**Work to complete**.
Report every line in the records below that holds the word "Black".

─── Information provided ───

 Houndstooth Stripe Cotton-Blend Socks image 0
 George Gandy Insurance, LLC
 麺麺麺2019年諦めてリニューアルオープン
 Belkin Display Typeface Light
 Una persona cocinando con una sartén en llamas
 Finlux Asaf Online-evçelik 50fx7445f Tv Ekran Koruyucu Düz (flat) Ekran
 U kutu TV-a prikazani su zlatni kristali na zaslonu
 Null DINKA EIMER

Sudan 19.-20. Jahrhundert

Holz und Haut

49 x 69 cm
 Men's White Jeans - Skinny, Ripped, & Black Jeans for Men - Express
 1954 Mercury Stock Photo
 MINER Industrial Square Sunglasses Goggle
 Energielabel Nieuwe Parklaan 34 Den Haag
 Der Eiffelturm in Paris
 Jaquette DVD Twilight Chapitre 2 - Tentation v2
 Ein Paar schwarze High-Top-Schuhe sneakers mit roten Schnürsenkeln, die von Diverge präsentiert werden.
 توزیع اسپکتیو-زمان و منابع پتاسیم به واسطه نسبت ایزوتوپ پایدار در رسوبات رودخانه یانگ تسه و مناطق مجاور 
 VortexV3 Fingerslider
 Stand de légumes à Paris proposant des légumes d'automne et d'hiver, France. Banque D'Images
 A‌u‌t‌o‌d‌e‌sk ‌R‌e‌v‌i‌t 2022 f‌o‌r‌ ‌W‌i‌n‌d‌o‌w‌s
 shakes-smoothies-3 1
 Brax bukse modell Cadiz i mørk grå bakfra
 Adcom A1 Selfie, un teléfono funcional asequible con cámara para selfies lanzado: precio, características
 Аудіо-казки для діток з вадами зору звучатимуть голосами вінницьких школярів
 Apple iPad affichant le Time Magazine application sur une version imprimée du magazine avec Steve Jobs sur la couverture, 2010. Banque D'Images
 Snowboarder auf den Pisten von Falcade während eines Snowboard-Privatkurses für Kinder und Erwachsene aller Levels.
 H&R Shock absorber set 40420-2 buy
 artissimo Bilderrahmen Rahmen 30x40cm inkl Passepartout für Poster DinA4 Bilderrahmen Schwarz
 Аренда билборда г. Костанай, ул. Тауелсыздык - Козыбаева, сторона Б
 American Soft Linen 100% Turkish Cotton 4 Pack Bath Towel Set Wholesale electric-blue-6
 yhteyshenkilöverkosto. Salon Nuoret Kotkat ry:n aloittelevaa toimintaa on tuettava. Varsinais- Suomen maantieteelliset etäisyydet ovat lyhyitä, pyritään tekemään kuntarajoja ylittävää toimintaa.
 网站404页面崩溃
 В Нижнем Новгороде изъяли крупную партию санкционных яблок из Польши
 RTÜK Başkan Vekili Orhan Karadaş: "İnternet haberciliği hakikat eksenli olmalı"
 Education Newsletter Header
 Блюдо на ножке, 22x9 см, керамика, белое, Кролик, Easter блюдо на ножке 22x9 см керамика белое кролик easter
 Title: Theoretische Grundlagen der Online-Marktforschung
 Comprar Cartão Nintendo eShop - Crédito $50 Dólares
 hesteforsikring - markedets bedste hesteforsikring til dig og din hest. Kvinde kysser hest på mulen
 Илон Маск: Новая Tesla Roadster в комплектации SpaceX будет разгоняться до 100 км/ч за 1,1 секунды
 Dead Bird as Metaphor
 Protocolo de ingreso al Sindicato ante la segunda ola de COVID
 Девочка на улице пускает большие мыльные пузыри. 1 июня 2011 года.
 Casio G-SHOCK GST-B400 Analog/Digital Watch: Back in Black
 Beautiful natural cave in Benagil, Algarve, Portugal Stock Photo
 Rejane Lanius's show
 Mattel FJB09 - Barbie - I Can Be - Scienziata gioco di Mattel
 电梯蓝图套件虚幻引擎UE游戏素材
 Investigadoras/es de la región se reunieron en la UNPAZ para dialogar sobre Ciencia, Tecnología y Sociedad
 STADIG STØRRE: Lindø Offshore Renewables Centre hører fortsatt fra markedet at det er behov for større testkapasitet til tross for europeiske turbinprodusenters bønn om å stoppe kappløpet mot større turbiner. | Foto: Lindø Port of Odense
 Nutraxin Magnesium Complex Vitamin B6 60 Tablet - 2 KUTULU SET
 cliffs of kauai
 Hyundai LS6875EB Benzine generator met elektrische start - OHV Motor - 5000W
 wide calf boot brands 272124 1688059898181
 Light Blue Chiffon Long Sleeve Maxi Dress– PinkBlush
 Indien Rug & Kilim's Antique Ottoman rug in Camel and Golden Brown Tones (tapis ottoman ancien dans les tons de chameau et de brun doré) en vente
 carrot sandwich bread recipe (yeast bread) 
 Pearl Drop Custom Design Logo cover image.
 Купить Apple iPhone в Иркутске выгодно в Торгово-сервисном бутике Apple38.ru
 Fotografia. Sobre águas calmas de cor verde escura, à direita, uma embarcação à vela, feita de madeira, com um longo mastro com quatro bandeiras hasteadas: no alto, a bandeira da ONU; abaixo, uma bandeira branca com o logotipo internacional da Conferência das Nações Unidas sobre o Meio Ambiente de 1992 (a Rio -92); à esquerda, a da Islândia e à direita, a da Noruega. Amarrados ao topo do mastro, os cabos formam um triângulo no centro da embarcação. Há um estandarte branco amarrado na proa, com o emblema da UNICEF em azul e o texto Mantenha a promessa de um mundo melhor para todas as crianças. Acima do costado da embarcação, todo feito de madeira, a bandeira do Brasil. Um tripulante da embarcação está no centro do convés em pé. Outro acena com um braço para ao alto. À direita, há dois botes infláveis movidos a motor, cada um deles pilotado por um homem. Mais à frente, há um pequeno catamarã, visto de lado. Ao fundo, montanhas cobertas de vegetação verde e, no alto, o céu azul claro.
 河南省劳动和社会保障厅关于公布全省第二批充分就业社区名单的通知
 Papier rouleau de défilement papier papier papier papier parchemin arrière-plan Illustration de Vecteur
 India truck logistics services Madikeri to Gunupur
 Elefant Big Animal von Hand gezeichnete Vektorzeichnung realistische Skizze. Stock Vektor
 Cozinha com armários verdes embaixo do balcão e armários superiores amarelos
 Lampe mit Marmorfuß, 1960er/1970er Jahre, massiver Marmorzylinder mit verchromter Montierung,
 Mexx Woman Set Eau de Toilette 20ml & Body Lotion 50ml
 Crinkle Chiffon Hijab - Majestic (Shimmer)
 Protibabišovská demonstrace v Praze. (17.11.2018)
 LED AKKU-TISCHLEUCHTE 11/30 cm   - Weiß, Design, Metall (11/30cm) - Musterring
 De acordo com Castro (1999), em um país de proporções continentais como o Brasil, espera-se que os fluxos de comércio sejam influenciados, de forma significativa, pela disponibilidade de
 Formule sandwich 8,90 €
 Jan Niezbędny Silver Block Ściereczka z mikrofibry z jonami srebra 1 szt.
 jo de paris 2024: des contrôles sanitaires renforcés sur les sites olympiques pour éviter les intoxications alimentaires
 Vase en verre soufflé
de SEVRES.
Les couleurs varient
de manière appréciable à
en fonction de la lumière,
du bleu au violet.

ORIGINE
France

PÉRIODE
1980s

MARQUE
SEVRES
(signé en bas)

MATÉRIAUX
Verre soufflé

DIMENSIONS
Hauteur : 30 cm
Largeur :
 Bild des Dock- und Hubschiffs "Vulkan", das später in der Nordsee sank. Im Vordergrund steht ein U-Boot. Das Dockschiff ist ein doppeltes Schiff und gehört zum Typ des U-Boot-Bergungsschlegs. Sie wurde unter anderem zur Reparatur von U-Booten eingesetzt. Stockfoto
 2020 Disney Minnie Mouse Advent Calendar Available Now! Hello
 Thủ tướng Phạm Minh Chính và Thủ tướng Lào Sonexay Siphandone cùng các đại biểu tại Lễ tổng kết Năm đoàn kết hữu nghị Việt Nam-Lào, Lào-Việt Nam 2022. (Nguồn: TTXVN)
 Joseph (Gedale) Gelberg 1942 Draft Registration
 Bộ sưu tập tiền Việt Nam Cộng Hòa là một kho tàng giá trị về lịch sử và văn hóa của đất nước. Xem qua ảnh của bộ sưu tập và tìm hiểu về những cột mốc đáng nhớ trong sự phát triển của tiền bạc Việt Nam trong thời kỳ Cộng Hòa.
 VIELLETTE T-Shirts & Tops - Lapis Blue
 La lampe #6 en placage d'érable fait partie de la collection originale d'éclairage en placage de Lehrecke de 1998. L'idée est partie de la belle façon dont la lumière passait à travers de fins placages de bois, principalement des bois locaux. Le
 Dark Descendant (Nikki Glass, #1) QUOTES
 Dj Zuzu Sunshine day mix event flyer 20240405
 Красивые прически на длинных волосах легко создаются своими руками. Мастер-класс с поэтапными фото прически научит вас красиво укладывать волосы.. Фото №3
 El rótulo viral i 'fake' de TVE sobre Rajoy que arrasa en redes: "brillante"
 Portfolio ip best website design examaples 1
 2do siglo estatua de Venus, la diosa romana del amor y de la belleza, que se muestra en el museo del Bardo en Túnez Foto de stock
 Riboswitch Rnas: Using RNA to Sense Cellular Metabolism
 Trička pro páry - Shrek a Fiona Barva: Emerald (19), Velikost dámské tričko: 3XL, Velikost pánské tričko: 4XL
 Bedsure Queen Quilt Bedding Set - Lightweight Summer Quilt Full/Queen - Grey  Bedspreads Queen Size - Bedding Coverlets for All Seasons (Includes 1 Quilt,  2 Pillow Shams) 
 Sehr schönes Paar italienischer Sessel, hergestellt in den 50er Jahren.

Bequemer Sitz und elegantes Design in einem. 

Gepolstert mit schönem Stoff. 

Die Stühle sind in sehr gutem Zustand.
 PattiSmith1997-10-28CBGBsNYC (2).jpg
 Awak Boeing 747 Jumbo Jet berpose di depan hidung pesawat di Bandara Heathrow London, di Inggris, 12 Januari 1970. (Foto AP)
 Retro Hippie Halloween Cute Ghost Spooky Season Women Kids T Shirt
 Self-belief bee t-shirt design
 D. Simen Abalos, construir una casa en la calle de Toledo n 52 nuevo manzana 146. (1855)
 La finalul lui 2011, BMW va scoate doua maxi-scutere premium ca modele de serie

───

**Your solution**.
 Men's White Jeans - Skinny, Ripped, & Black Jeans for Men - Express
 Casio G-SHOCK GST-B400 Analog/Digital Watch: Back in Black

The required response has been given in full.